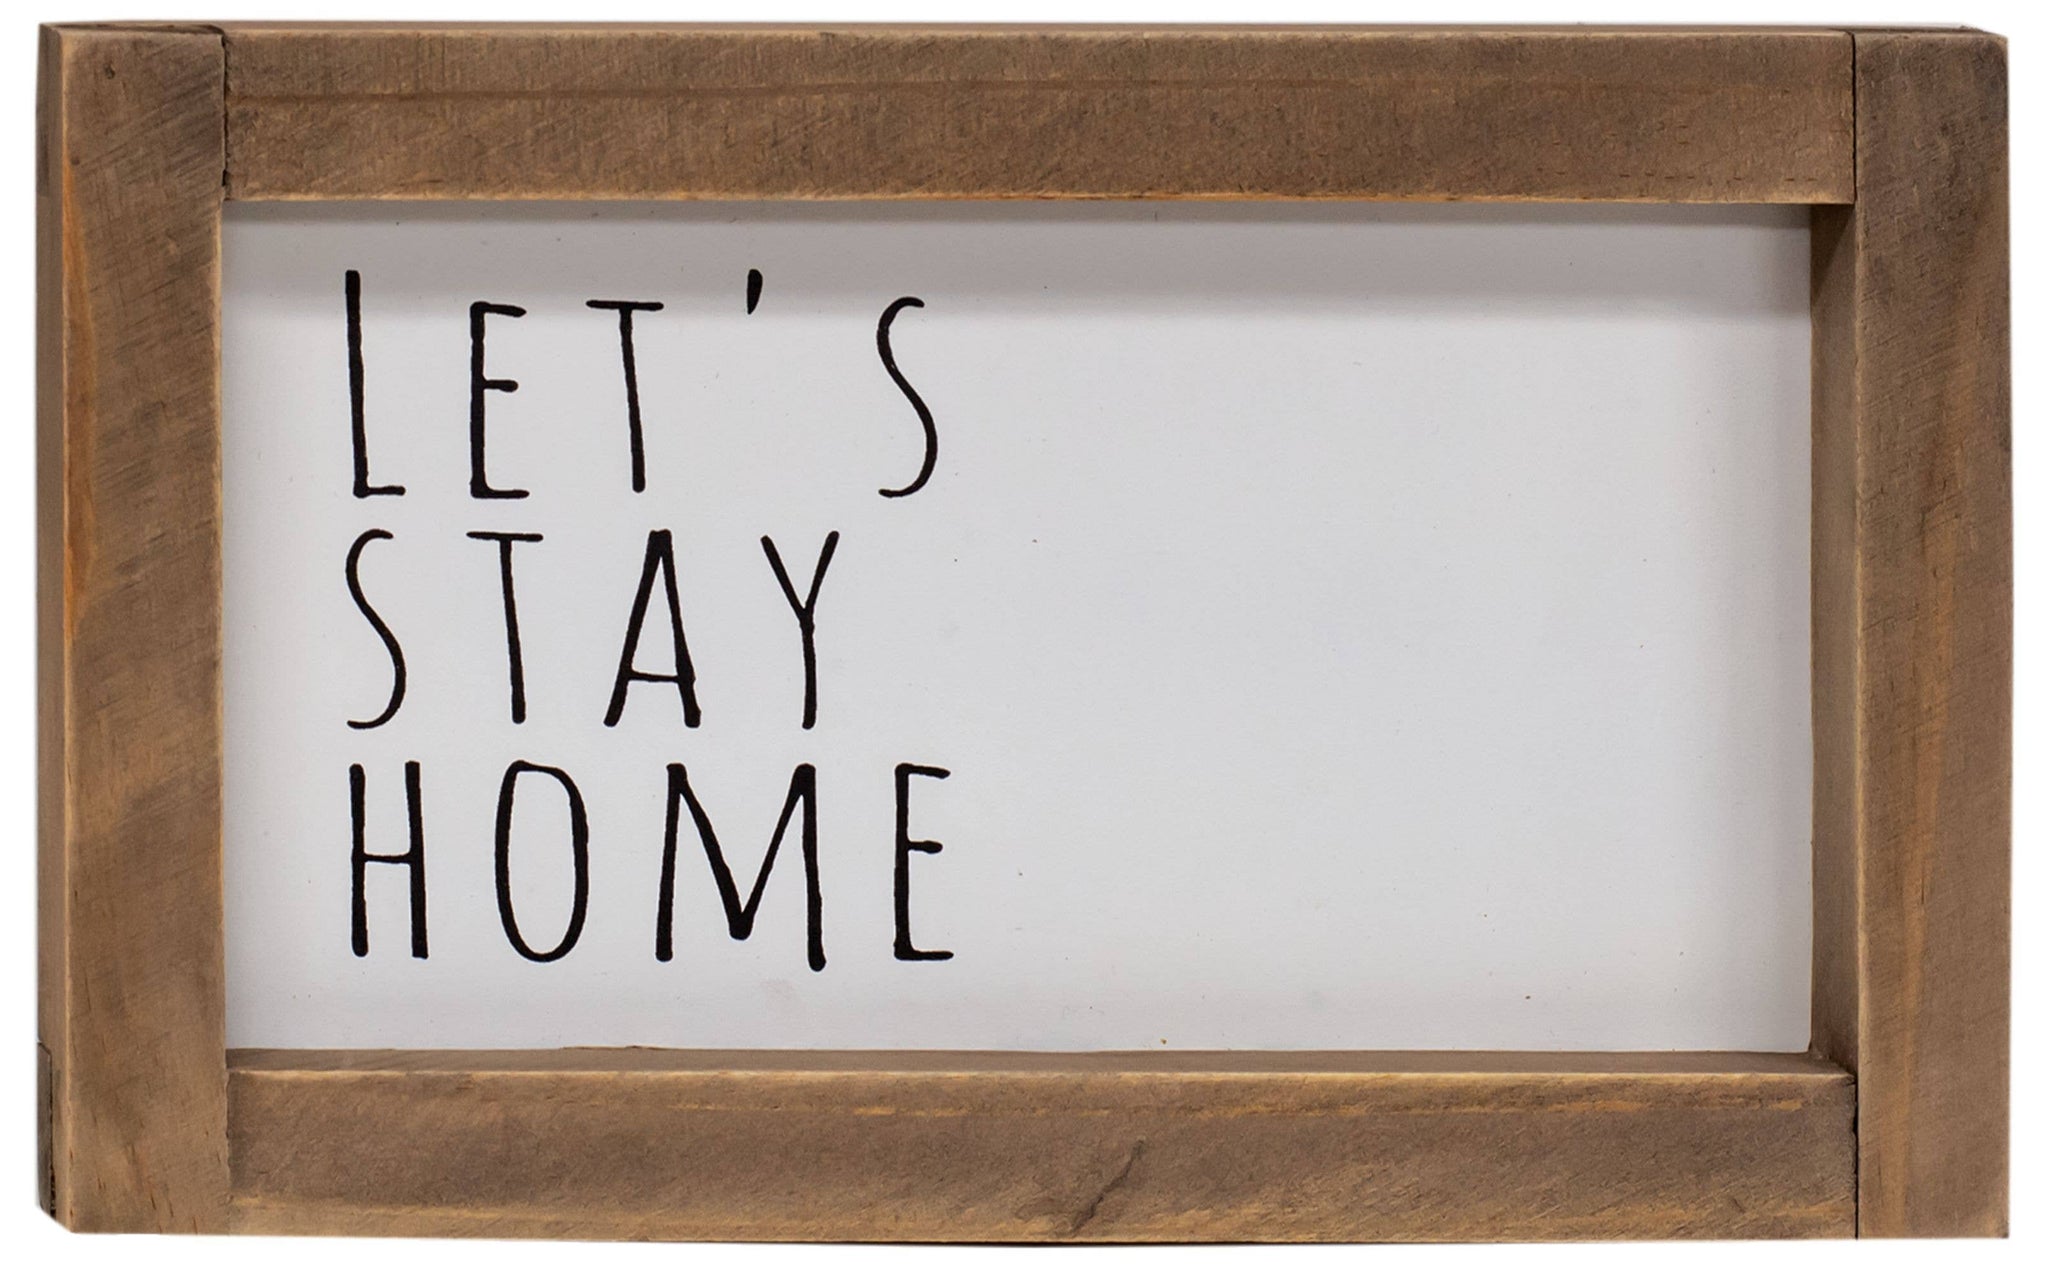 Let's Stay Home Framed Sign
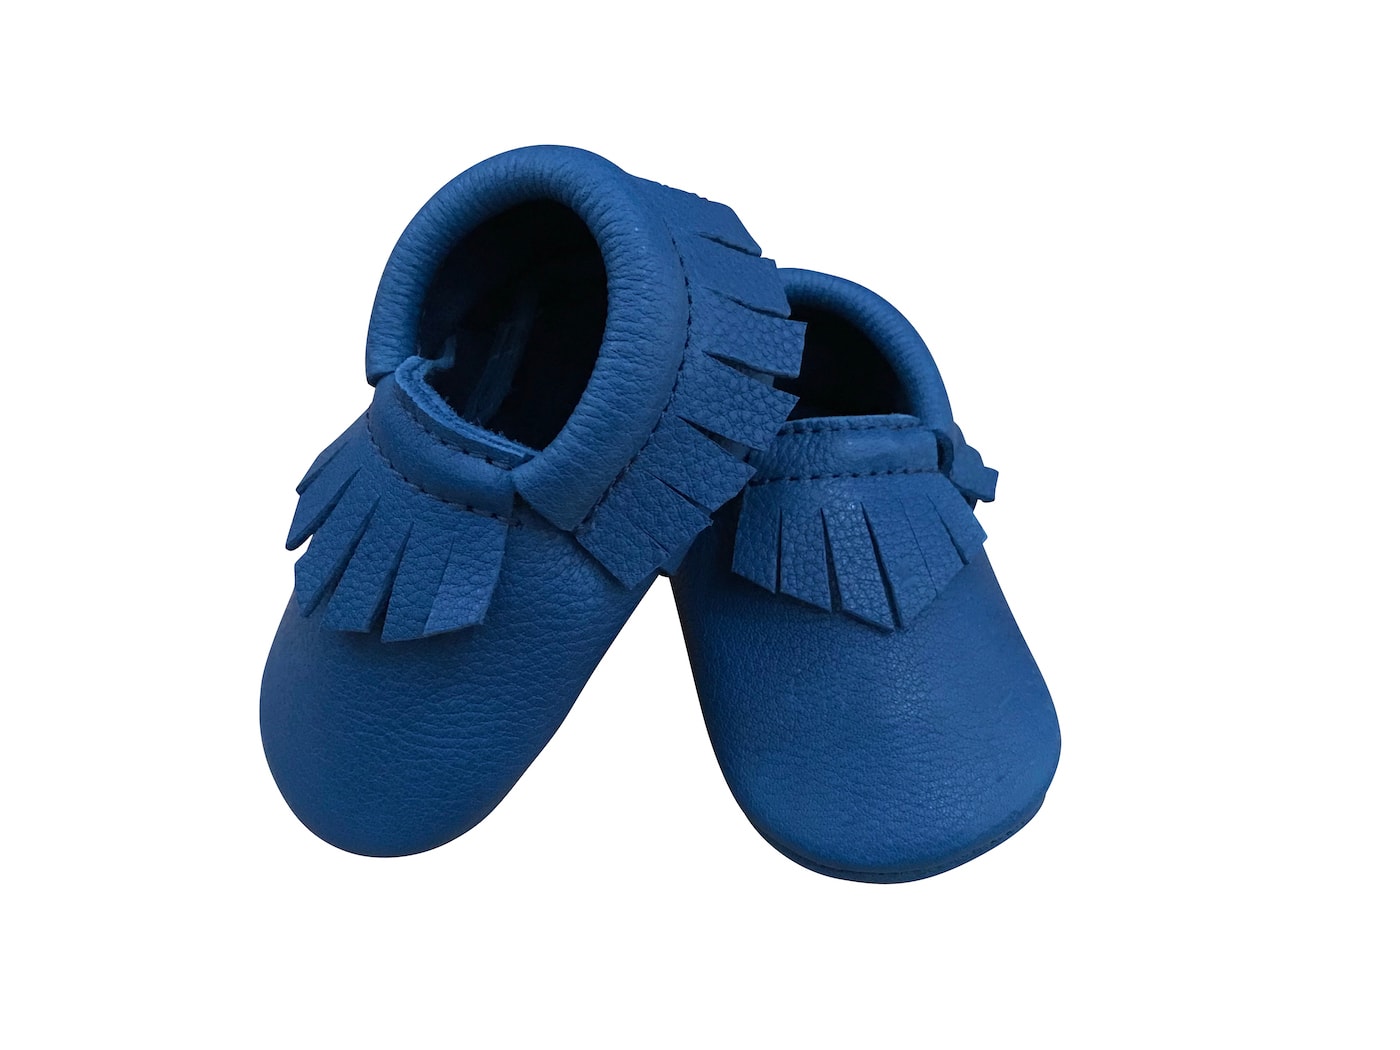 Baby-Schuhe von lilolucky von Familien mit Kindern getestet // HIMBEER
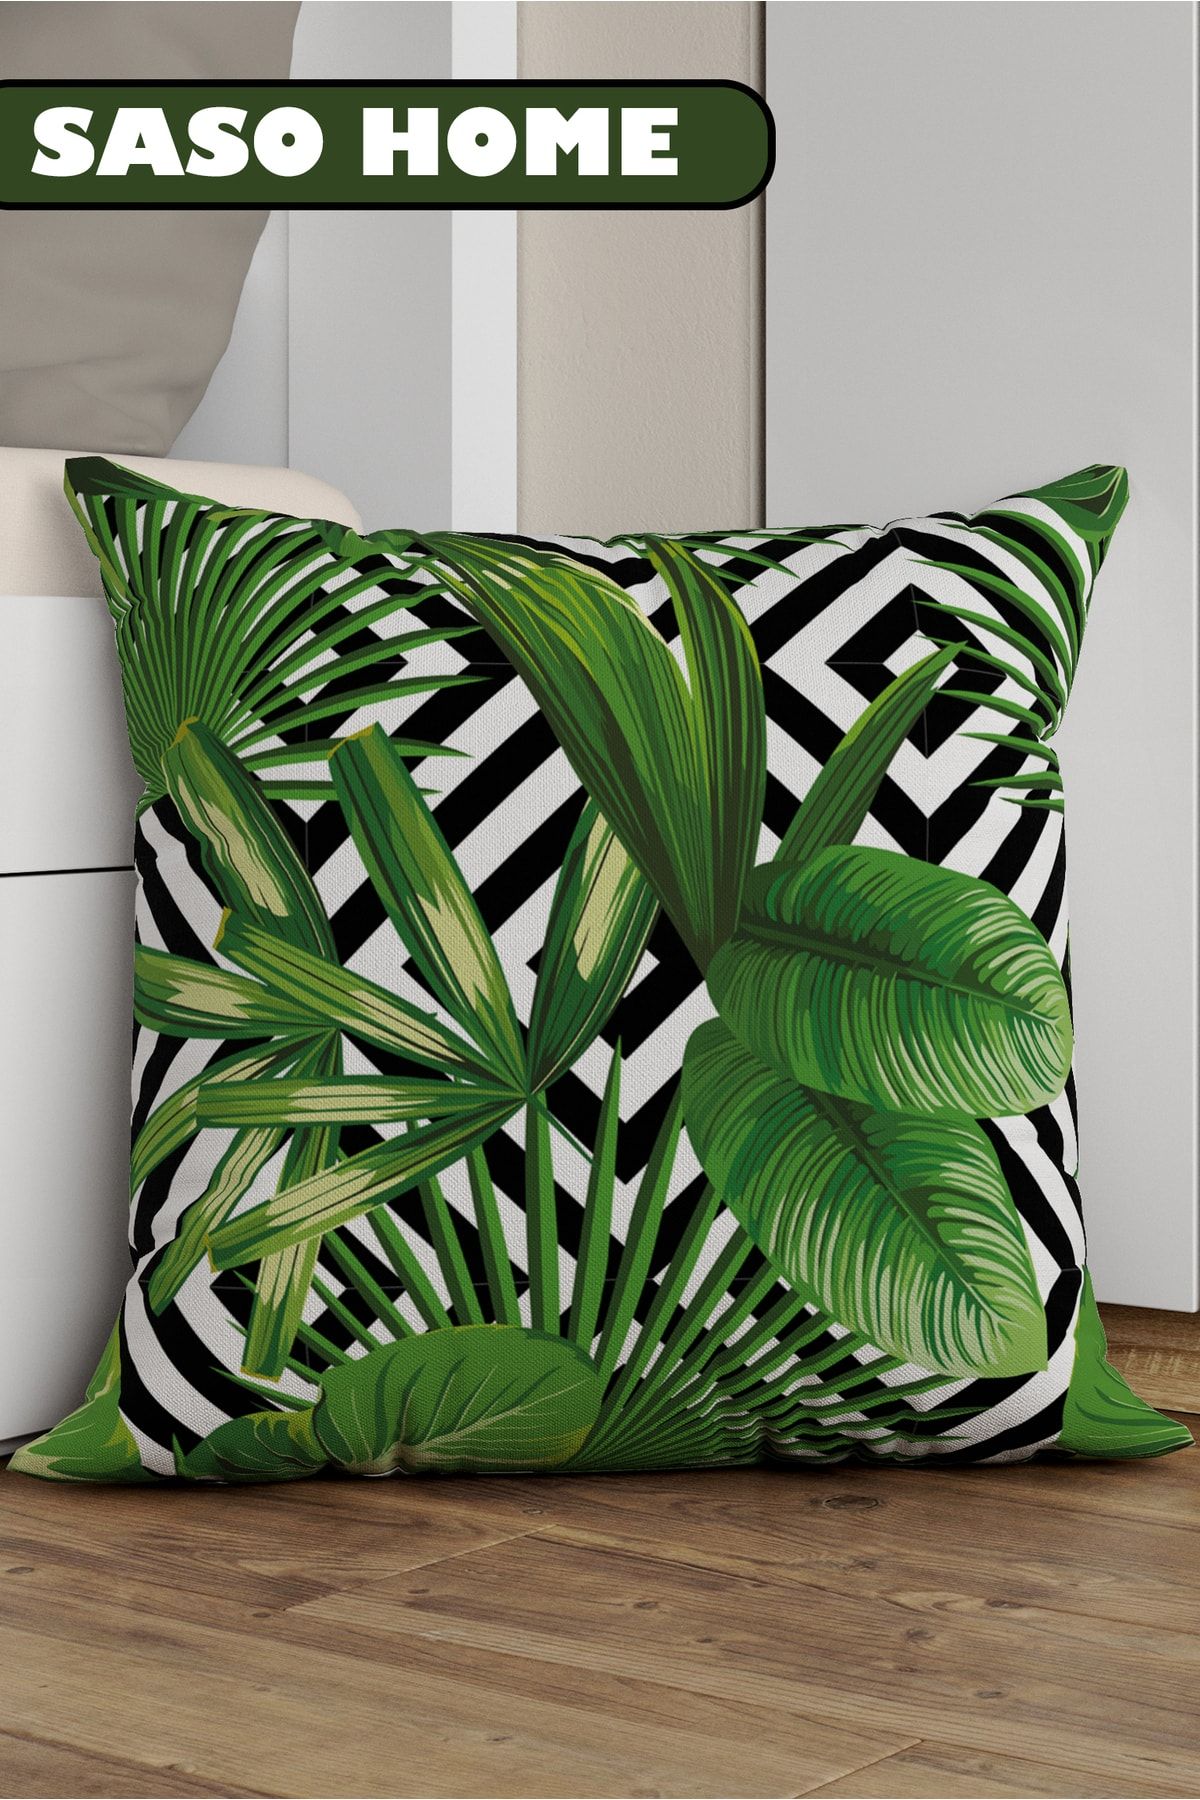 SasoHome Tropikal Palmiye Yaprak Desenli Dekoratif Hediyelik Kırlent - Yastık Kılıfı

WHAT TO DO. Line by line, reproduce the material above exactly, leaving each picture out.

ANSWER SECTION.
 Let's Stay Home Framed Sign
 Baby-Schuhe von lilolucky von Familien mit Kindern getestet // HIMBEER
 SasoHome Tropikal Palmiye Yaprak Desenli Dekoratif Hediyelik Kırlent - Yastık Kılıfı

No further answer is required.